The Venn diagram circles of people who have heard of Amherst and people of have heard of Pomona likely form a near perfect circle of overlap. If you attend one because that "it's better known than the other," you're probably at a cousin's graduation ceremony because nobody smart enough to get into either LAC would likely make that decision on such a dumb basis.
Anonymous
Anonymous wrote:Neither school would be a good fit for my kids, so have no particular feelings about either. But it seems to me a lot of people are stuck in the world from 30/40 years ago. Generally, people seem to be really underestimating how much the world has moved on from old New England. The West Coast, the South, and even the Midwest have much more going on than New England. Amherst seems really ossified to me. And their attempts to modernize and diversify haven't really succeeded. From what I've read, Amherst's attempts have led to more silos - there are the athletes, their are the black kids, there are the first generation kids, there are the residual WASPs, and they don't interact at all.

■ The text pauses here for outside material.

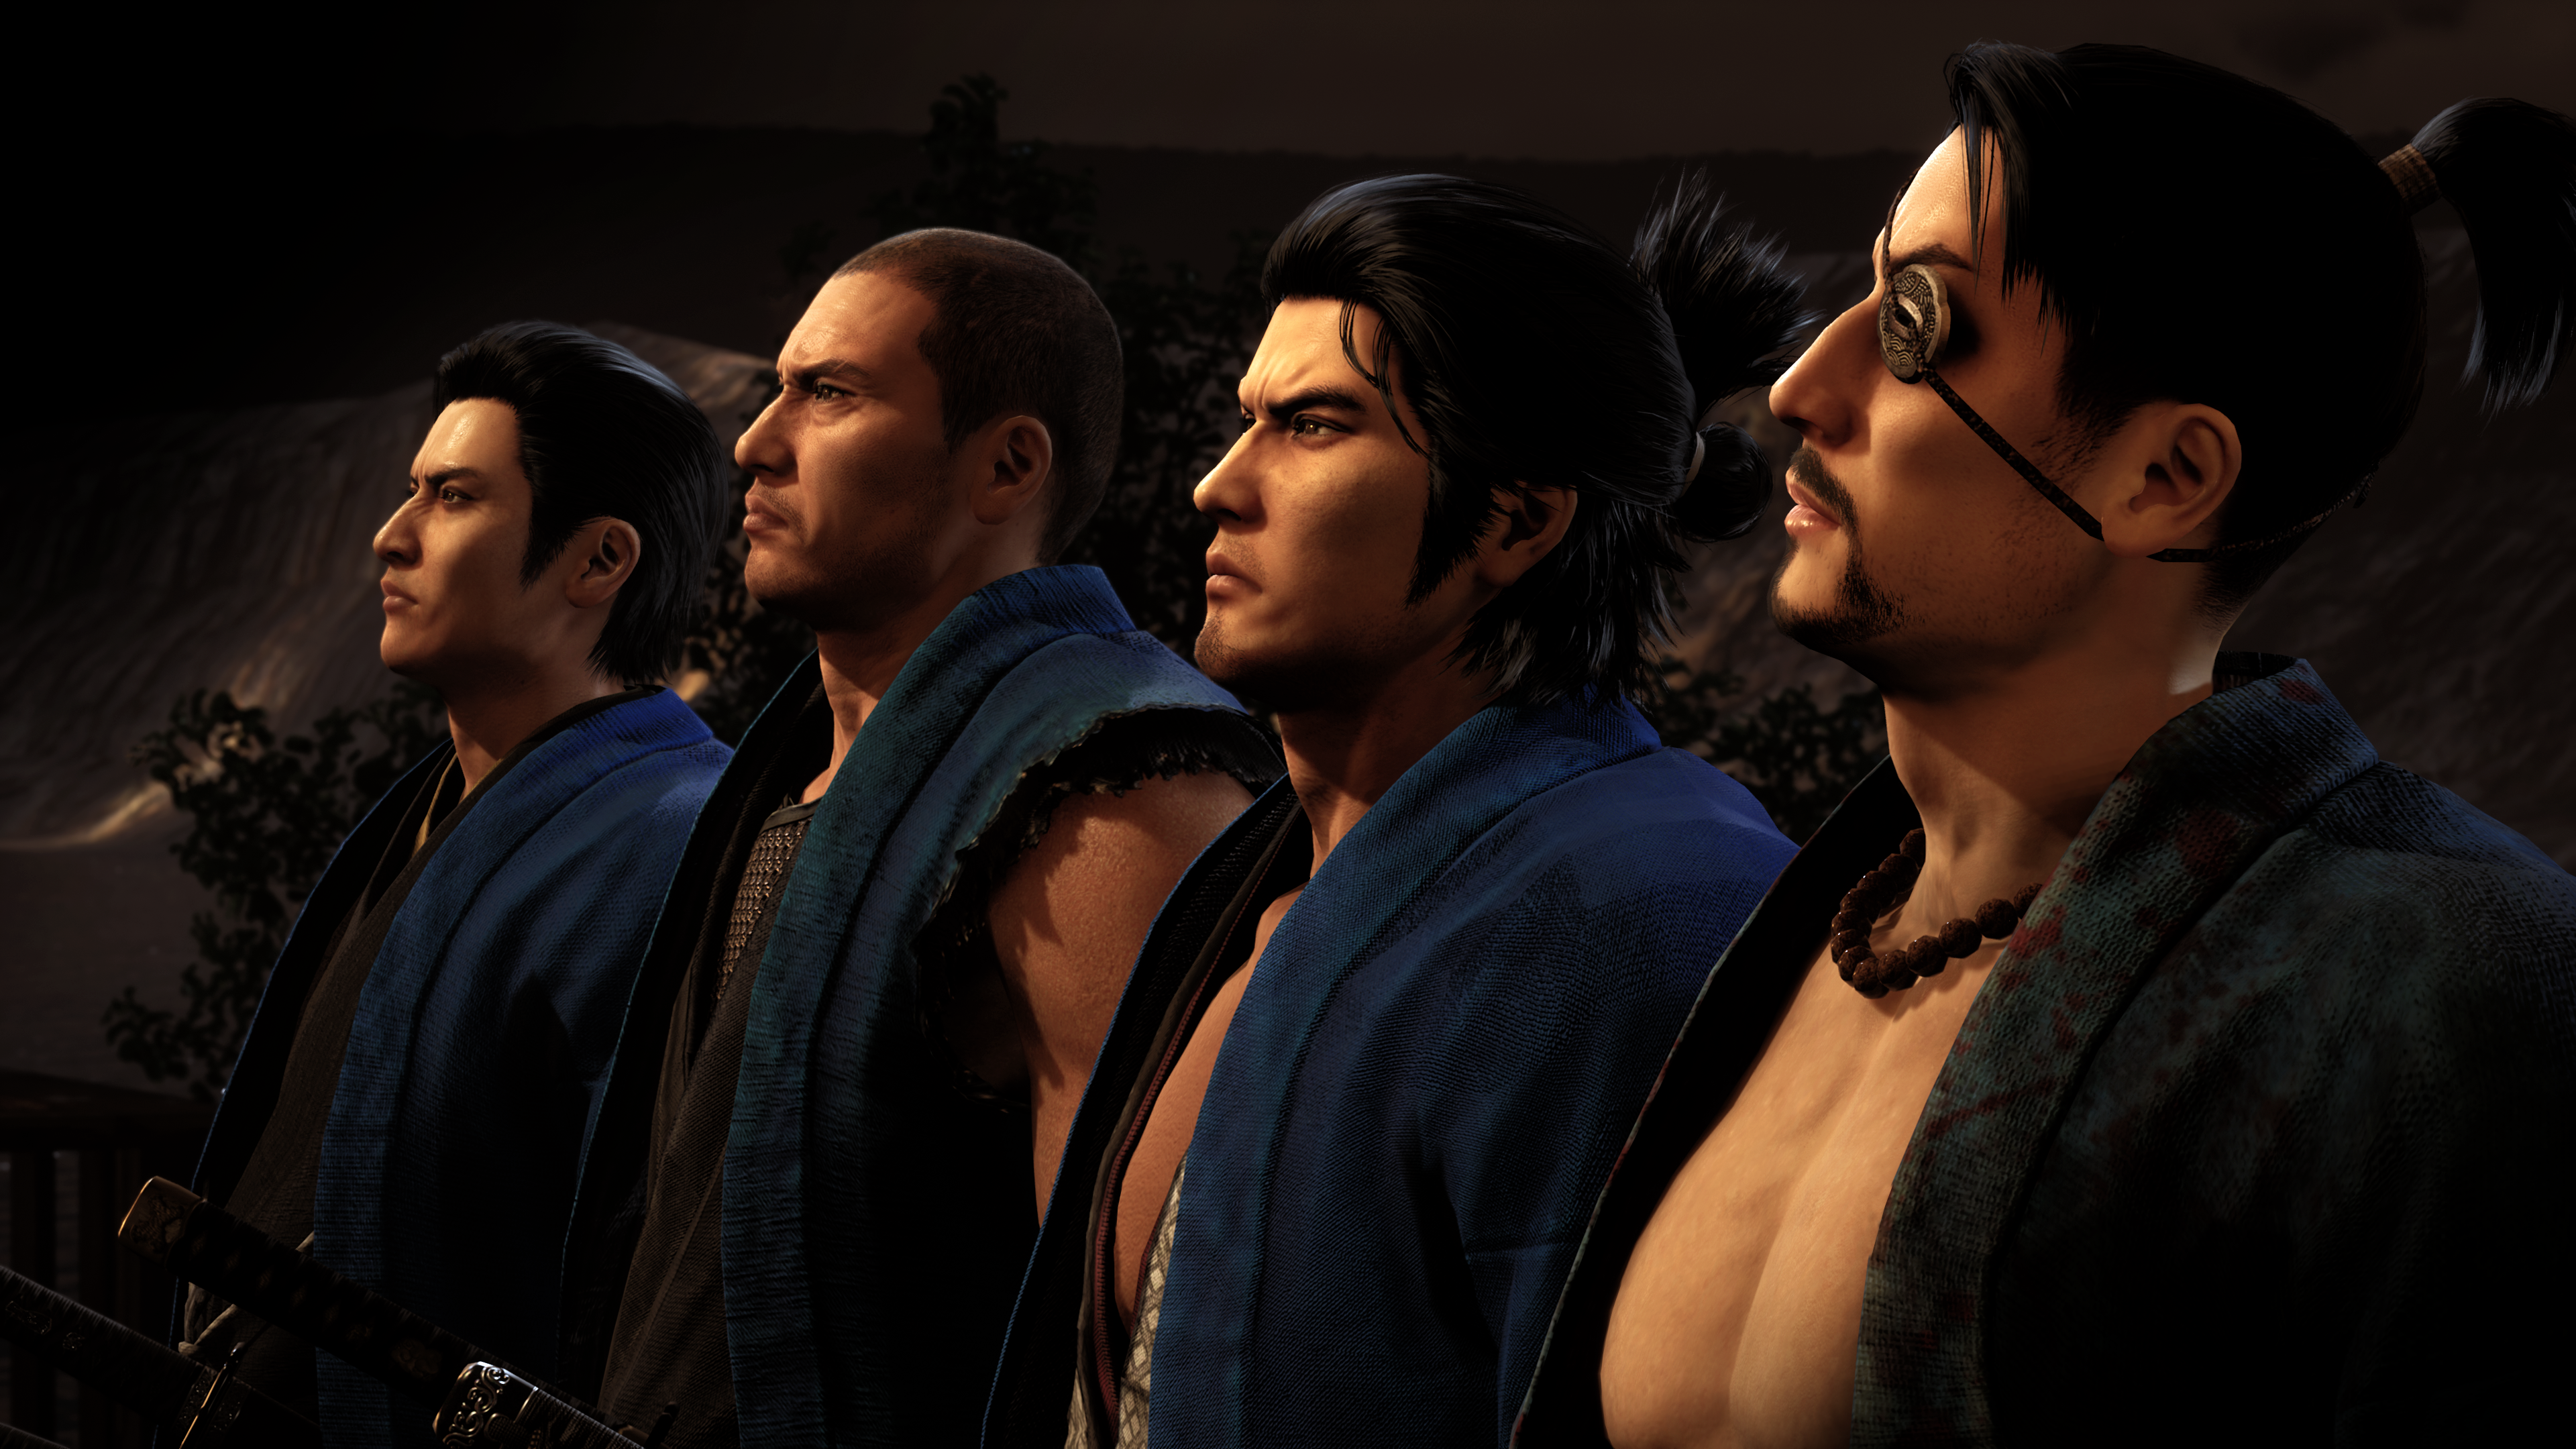 A shot of 4 members of the Sinsengumi wearing blue uniforms. From Left to right: Hijikata Toshizo (modeled after Yoshitaka Mine), Nagakura Shinpachi (modeled after Taiga Saejima), Sakamoto Ryoma (modeled after Kazuma Kiryu), Okita Soji (modeled after Goro Majima)

It's like a bad high school. The New Yorker had a good article about Amherst as a community a few years ago. It seems like an exhausting place to be.

But Pomona seems kind of tiresome too in a West Coast way. It's very unlikely a white or asian unhooked UMC kid from the burbs of DC or NY or Chicago would ever be admitted to begin with. Pomona is all in with their view of "diversity." The upside to Pomona is the consortium. I always envisioned it as five schools on a cul de sac. The Pomona student can take classes at Harvey Mudd or CMC, and I think that's really cool. If the only choices in the world were Pomona and Amherst, I would totally choose Pomona - because there are outlets to go elsewhere and enlarge your community and experiences.

I'm not anti-SLAC at all, but these are such tiny communities that I think going to either Amherst or Pomona is so risky for 18 year olds. But the Pomona consortium is better than the Amherst consortium. Plus, weather, which is no small thing from October to March.


Along that vein, the Ivie plus would also be “ossified.” Nothing my wrong with newish. Some prefer tradition mixed with change and adaptation.